**About this task**: Among the entries that follow, the required portion opens with the line containing "Jüdische Kulturwochen Stuttgart 2023" and closes with the line containing "Le Cresta Palace". Give that portion again exactly, and nothing else.

**Provided entries**:
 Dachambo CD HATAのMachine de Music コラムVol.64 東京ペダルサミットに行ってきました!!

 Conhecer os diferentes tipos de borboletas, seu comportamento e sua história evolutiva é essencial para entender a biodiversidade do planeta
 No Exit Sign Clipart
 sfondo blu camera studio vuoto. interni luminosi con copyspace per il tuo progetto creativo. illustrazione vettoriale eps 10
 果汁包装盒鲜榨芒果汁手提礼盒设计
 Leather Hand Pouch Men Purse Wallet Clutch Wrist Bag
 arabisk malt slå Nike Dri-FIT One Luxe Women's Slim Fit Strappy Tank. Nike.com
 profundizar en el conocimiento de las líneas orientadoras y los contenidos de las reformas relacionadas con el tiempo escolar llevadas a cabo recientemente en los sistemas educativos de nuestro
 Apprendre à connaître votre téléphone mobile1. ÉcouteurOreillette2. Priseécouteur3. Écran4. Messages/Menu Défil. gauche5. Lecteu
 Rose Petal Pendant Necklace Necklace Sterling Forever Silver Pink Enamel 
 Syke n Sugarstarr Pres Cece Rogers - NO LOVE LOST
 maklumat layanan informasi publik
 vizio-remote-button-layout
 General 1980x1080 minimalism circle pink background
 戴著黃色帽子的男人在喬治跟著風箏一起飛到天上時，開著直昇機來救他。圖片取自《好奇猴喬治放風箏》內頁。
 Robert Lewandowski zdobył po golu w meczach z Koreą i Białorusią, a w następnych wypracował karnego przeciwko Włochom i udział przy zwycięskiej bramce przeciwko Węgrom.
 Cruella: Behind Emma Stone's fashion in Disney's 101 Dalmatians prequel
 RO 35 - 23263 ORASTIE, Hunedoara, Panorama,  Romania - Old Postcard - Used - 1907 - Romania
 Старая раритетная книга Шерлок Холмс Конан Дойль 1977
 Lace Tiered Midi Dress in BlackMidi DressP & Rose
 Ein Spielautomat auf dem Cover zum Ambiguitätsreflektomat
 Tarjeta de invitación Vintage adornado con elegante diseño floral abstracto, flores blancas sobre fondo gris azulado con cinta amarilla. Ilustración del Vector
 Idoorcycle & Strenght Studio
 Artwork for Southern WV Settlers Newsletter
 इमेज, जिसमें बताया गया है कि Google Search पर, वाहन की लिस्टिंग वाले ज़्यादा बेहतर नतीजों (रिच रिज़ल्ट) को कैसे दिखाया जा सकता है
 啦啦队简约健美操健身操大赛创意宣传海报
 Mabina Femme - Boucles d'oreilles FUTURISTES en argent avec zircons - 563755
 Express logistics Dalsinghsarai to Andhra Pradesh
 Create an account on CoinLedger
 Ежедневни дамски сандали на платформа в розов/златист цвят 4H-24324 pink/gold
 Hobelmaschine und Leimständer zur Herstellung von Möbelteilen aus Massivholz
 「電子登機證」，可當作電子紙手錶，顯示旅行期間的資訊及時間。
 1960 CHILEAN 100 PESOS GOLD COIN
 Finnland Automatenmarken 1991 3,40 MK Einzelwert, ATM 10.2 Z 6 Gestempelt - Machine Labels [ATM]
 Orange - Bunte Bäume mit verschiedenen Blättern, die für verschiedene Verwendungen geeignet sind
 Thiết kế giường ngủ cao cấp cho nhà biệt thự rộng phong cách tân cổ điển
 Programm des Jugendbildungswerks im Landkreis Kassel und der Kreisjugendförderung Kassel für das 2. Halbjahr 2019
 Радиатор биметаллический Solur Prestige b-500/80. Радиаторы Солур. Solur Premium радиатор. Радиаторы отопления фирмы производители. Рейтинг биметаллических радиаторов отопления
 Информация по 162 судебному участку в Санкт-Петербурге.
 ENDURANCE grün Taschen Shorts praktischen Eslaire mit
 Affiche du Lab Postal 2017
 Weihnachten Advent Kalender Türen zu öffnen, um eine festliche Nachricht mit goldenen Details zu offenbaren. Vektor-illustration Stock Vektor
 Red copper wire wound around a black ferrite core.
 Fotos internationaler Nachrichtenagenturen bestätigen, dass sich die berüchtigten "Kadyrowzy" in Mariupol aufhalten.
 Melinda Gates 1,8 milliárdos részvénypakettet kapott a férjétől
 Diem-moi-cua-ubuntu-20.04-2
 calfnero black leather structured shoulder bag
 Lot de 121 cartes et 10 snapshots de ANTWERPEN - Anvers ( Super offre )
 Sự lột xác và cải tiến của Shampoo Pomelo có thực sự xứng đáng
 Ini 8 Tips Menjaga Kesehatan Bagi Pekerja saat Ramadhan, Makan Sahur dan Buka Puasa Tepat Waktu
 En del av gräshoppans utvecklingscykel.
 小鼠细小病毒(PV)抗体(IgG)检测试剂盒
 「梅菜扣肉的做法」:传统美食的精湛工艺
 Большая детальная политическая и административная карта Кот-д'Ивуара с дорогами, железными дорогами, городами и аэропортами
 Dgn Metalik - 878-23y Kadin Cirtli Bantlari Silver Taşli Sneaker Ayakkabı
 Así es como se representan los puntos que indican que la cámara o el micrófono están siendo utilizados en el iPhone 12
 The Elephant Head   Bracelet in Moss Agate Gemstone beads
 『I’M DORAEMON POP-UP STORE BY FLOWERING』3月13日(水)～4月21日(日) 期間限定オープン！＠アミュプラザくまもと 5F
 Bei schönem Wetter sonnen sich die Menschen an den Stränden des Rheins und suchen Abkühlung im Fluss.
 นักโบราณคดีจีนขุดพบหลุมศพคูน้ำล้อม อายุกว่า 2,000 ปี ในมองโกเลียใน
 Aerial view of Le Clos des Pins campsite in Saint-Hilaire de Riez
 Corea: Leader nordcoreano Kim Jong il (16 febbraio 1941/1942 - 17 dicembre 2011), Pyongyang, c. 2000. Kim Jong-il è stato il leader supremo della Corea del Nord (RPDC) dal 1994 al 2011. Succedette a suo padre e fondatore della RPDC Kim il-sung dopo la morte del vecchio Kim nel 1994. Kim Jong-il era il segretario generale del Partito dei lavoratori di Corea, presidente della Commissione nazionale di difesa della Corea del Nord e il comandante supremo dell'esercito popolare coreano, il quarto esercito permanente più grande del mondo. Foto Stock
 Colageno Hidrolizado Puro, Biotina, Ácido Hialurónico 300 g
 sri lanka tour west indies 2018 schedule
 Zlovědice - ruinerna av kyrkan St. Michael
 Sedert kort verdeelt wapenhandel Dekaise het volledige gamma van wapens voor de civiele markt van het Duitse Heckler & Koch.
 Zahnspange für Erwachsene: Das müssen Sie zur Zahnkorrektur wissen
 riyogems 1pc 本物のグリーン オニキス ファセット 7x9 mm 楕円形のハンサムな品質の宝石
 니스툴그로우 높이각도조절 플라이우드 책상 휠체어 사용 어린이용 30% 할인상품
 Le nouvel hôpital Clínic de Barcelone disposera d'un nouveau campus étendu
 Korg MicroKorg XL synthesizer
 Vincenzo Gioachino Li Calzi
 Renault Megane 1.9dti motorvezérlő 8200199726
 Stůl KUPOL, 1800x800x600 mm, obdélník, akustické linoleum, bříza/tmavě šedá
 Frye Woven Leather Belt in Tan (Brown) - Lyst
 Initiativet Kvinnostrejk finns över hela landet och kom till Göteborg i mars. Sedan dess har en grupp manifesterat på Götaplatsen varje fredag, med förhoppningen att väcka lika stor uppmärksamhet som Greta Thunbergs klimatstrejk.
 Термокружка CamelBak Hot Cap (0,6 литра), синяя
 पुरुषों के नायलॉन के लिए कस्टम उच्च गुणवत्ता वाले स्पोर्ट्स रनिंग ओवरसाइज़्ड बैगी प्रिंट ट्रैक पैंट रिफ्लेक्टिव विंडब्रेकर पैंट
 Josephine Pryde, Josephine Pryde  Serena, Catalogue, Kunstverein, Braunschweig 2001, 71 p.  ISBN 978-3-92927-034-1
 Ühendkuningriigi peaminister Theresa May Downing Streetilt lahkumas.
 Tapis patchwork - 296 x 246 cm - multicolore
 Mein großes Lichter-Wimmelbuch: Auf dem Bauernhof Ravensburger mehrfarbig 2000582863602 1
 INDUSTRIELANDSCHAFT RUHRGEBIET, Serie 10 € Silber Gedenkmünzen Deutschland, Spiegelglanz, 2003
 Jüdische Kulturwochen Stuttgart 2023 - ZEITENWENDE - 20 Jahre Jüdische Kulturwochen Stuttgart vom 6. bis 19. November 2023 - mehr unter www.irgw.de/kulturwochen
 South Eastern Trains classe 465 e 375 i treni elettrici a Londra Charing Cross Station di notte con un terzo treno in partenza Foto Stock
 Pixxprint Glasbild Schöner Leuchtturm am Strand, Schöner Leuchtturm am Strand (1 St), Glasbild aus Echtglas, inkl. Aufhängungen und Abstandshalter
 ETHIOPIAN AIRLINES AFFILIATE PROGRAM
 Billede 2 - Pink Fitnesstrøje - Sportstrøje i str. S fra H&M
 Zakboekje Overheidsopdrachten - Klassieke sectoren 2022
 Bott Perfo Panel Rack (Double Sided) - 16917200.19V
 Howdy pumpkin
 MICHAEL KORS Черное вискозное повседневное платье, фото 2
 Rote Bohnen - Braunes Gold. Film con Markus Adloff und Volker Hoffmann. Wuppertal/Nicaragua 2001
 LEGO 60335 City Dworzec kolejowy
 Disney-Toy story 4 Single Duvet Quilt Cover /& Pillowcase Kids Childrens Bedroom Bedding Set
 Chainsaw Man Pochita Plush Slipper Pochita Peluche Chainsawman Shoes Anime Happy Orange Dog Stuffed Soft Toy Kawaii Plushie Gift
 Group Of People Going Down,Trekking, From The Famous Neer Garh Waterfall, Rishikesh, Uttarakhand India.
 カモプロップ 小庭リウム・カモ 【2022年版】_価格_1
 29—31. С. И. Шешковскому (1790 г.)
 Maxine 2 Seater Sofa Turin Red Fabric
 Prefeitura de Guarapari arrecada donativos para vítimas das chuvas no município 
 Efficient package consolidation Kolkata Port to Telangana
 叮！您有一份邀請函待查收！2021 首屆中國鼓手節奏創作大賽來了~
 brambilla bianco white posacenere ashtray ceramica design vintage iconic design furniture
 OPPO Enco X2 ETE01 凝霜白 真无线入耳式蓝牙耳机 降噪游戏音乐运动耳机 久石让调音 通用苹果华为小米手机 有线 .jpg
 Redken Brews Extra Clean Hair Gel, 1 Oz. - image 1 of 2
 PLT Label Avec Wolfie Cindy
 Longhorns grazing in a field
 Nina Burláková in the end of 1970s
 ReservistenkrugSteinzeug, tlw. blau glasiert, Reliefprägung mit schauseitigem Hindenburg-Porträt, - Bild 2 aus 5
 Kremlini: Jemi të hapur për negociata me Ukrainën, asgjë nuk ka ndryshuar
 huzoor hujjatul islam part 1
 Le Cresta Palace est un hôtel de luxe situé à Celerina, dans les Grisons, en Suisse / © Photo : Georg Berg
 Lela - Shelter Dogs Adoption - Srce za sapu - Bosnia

**Exercise output**:
 Jüdische Kulturwochen Stuttgart 2023 - ZEITENWENDE - 20 Jahre Jüdische Kulturwochen Stuttgart vom 6. bis 19. November 2023 - mehr unter www.irgw.de/kulturwochen
 South Eastern Trains classe 465 e 375 i treni elettrici a Londra Charing Cross Station di notte con un terzo treno in partenza Foto Stock
 Pixxprint Glasbild Schöner Leuchtturm am Strand, Schöner Leuchtturm am Strand (1 St), Glasbild aus Echtglas, inkl. Aufhängungen und Abstandshalter
 ETHIOPIAN AIRLINES AFFILIATE PROGRAM
 Billede 2 - Pink Fitnesstrøje - Sportstrøje i str. S fra H&M
 Zakboekje Overheidsopdrachten - Klassieke sectoren 2022
 Bott Perfo Panel Rack (Double Sided) - 16917200.19V
 Howdy pumpkin
 MICHAEL KORS Черное вискозное повседневное платье, фото 2
 Rote Bohnen - Braunes Gold. Film con Markus Adloff und Volker Hoffmann. Wuppertal/Nicaragua 2001
 LEGO 60335 City Dworzec kolejowy
 Disney-Toy story 4 Single Duvet Quilt Cover /& Pillowcase Kids Childrens Bedroom Bedding Set
 Chainsaw Man Pochita Plush Slipper Pochita Peluche Chainsawman Shoes Anime Happy Orange Dog Stuffed Soft Toy Kawaii Plushie Gift
 Group Of People Going Down,Trekking, From The Famous Neer Garh Waterfall, Rishikesh, Uttarakhand India.
 カモプロップ 小庭リウム・カモ 【2022年版】_価格_1
 29—31. С. И. Шешковскому (1790 г.)
 Maxine 2 Seater Sofa Turin Red Fabric
 Prefeitura de Guarapari arrecada donativos para vítimas das chuvas no município 
 Efficient package consolidation Kolkata Port to Telangana
 叮！您有一份邀請函待查收！2021 首屆中國鼓手節奏創作大賽來了~
 brambilla bianco white posacenere ashtray ceramica design vintage iconic design furniture
 OPPO Enco X2 ETE01 凝霜白 真无线入耳式蓝牙耳机 降噪游戏音乐运动耳机 久石让调音 通用苹果华为小米手机 有线 .jpg
 Redken Brews Extra Clean Hair Gel, 1 Oz. - image 1 of 2
 PLT Label Avec Wolfie Cindy
 Longhorns grazing in a field
 Nina Burláková in the end of 1970s
 ReservistenkrugSteinzeug, tlw. blau glasiert, Reliefprägung mit schauseitigem Hindenburg-Porträt, - Bild 2 aus 5
 Kremlini: Jemi të hapur për negociata me Ukrainën, asgjë nuk ka ndryshuar
 huzoor hujjatul islam part 1
 Le Cresta Palace est un hôtel de luxe situé à Celerina, dans les Grisons, en Suisse / © Photo : Georg Berg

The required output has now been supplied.